GAVI is funded and partnered by the Gates foundation, other private philanthrocapitalists, the Vaccine industry, the WHO, UNICEF, the World Bank and 194 member states, of which the British government, as its top sponsor, has been the most instrumental.
In 2017, the campaign was stepped up a notch as Gates collaborated with the governments of Norway, India, Japan, and Germany along with the Wellcome Trust – a British research charity, in launching the Coalition for Epidemic Preparedness Innovations (CEPI). This alliance was to invest in the accelerated development of vaccines. They made it clear that they would support whatever it took to find a vaccine for COVID-19. This included compressing the development timeline and financing numerous facilities to manufacture a wide range of potential vaccines simultaneously. The UK Government invested £50 million in CEPI to support the rapid vaccine and immunoprophylactic development against “unknown pathogens” (also referred to as Disease X).

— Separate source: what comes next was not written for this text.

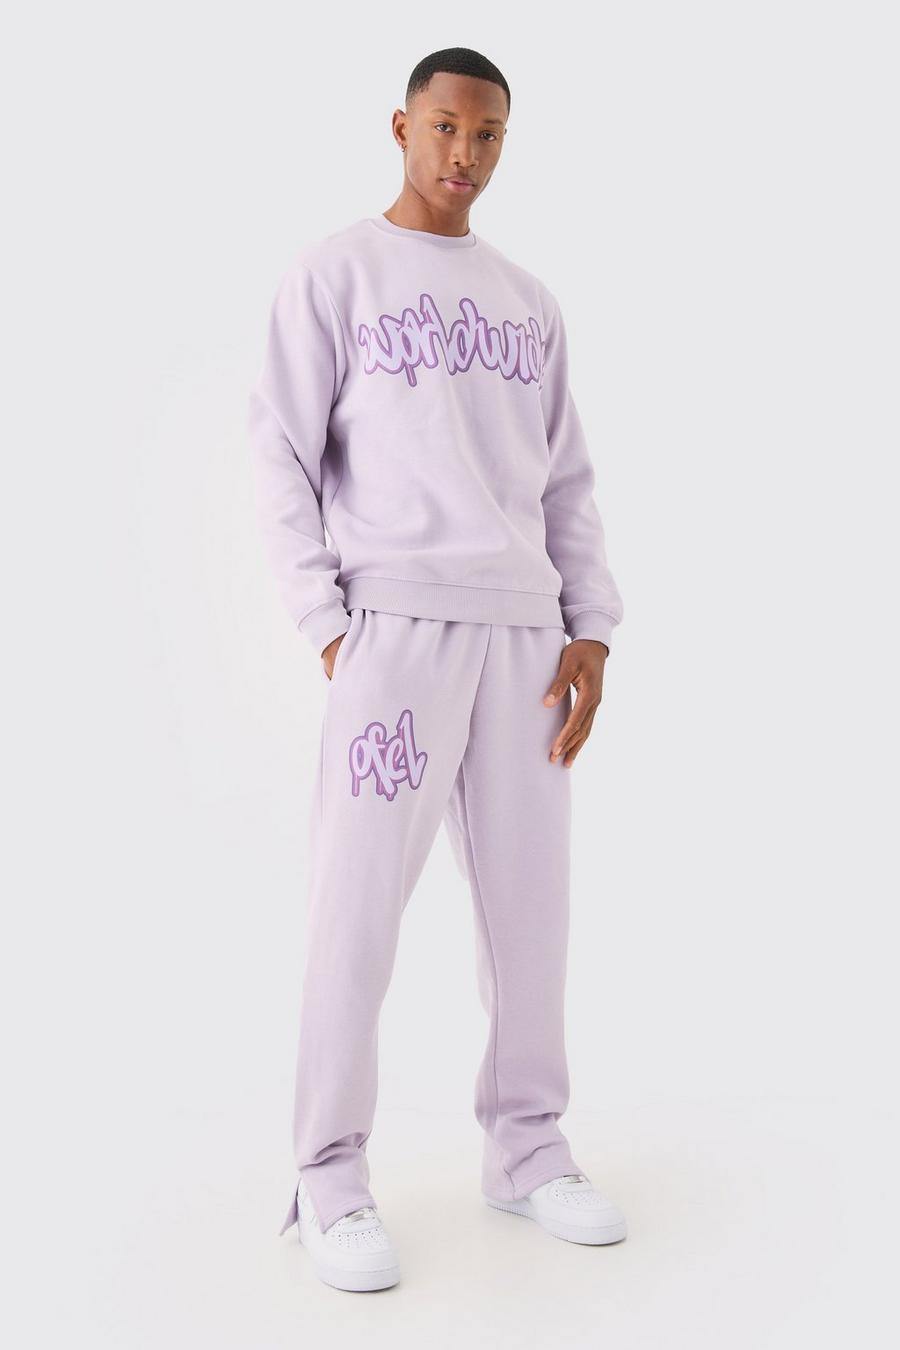 Lilac Warhol Tigerskins Shirt 8172 WARHOL WOODLAND

The UK government’s favourite for this project is the British-Swedish pharma major – AstraZeneca, in partnership with the Jenner Institute at Oxford University. “ChAdOx1 nCoV-19” is a recombinant viral vector vaccine. This is a method of immunisation that uses live replicating viruses that have been engineered to carry extra genes derived from a pathogen that produce the proteins against which the body generates immunity.
Remarkably, the leader of the study, Professor Sarah Gilbert explained how this vaccine was rushed through due to “ongoing research into Disease X – an as yet unknown infectious agent earmarked as a potential pandemic in the making – which allowed them to pivot so quickly to Covid-19.”
How can one research into an infectious agent when no one knows what it will be?
How can plans be put in place in anticipation of such a world changing event without knowing it’s cause?
They can’t of course.
Regardless, it seems the US is not happy at the moment with AstraZeneca’s shenanigans and it remains to be seen whether the FDA will grant emergency authorisation for the 300 million doses it had ordered.
But the AstraZeneca vaccine has the winning card. It’s cheaper and easier to handle and store and more amenable to mass production than Pfizer’s and Moderna’s vaccines. Developing countries such as India, Brazil and South Africa have bet all their chips on this shot.